In this section we will give a short summary of design hints that one should apply when creating new data specifications.
The following steps may give a suitable start:
An annoying but important point in machine learning concerns the treatment
of missing values, i.e. value tags that indicate that some value could
not be observed or is even meaningless in a certain context. An often
used approach applied in traditional techniques is to explicitly encode
(“hardwire”) strategies for handling missing values in the learning
algorithm. Given more expressive representations it seems necessary to
ask whether this is still required or even advisable: more declarative
ways of specifying (handling of) missing values may be possible.
Lets consider the following definition:
t = A | B
If this variable could have missing values, then users of machine learning systems often extend this definition as follows:
t = A | B | Missing
This, however, may cause not necessarily expected results. Assume that
some dataset that uses t as result variable contains ten As, nine
Bs and eleven missing values. Then an algorithm taking the most frequent
value would predict Missing. But since the opposite of a missing
value is an available value, we would actually have to predict that
there will indeed be an observation. This case happens more frequently,
because it encompasses both the observations of As and Bs.

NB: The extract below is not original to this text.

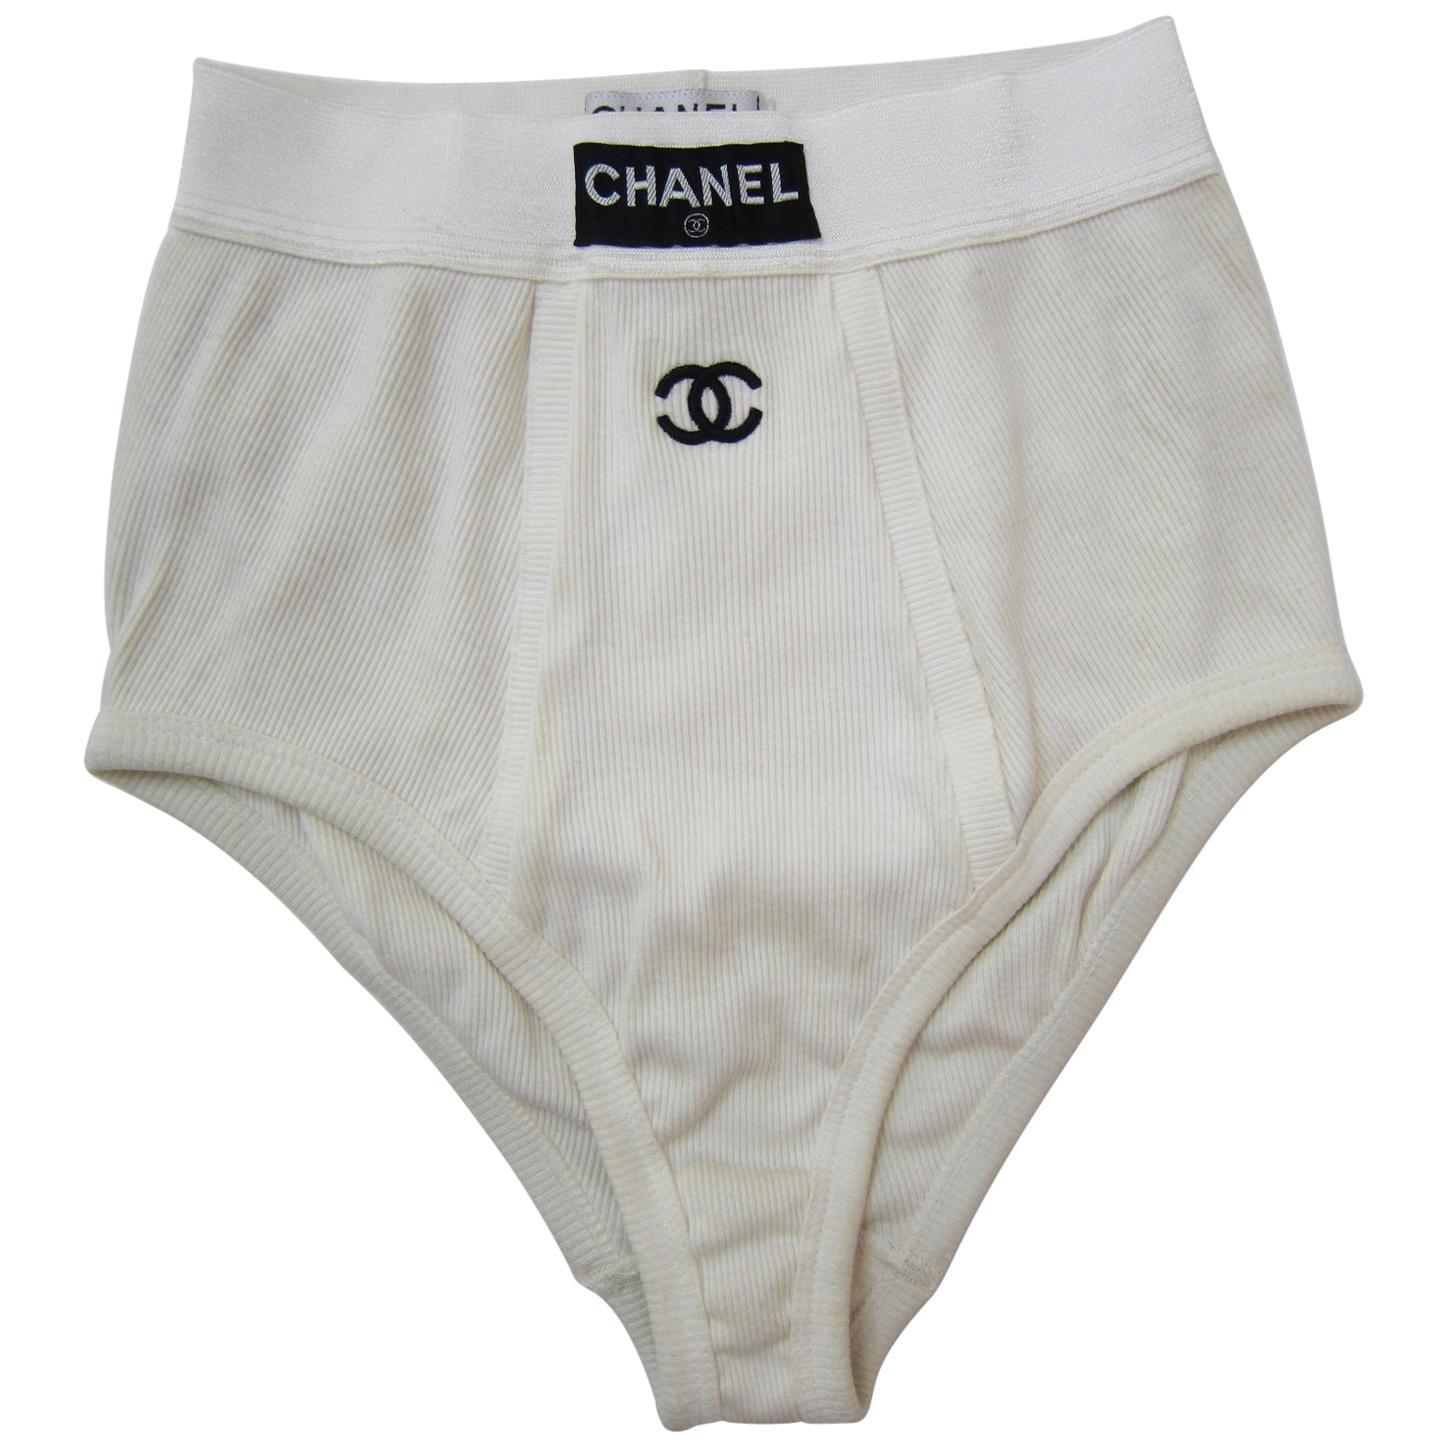 Chanel High Waist Panties Brief Underwear NWB ss 1993 
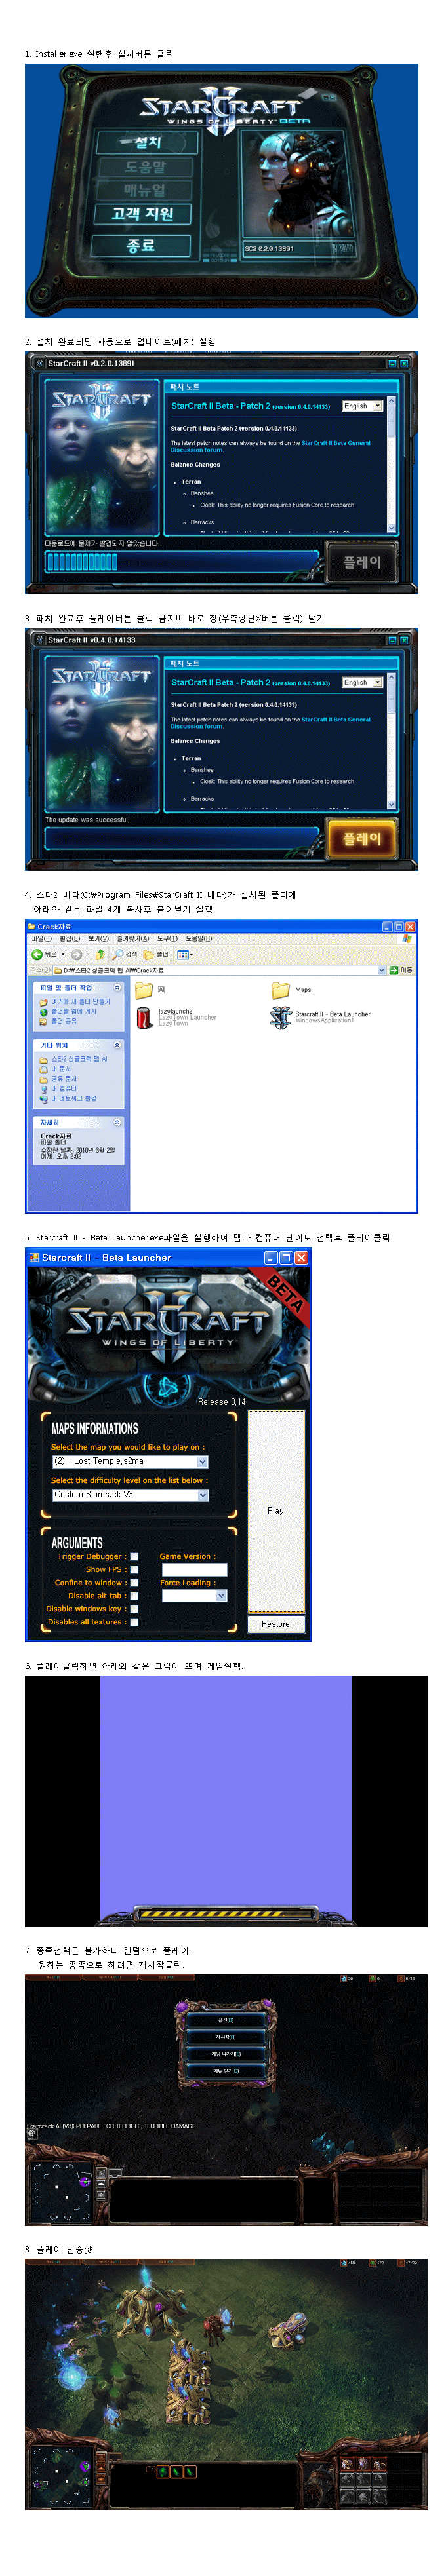 starcraft2 Install.gif

Therefore, it may be more suitable to choose the following definition:
t = Observed value | Missing value = A | B
This advises the learning algorithm to treat observed values separately from missing ones. We can even specify structures that explain in more detail how to interpret missing values. For example:
t = Relevant observable_value | Irrelevant observable_value = Observed value | Missing value = A | B
This allows more precise specification of why some value is actually missing: because it may be irrelevant8 or because it could not be observed for some reason, etc. In all these cases the result may indeed be a consequence of the input data, which is why prediction of missing values does indeed make sense. E.g., some value may have been unobservable, because of other (observable) conditions that make collecting data very difficult.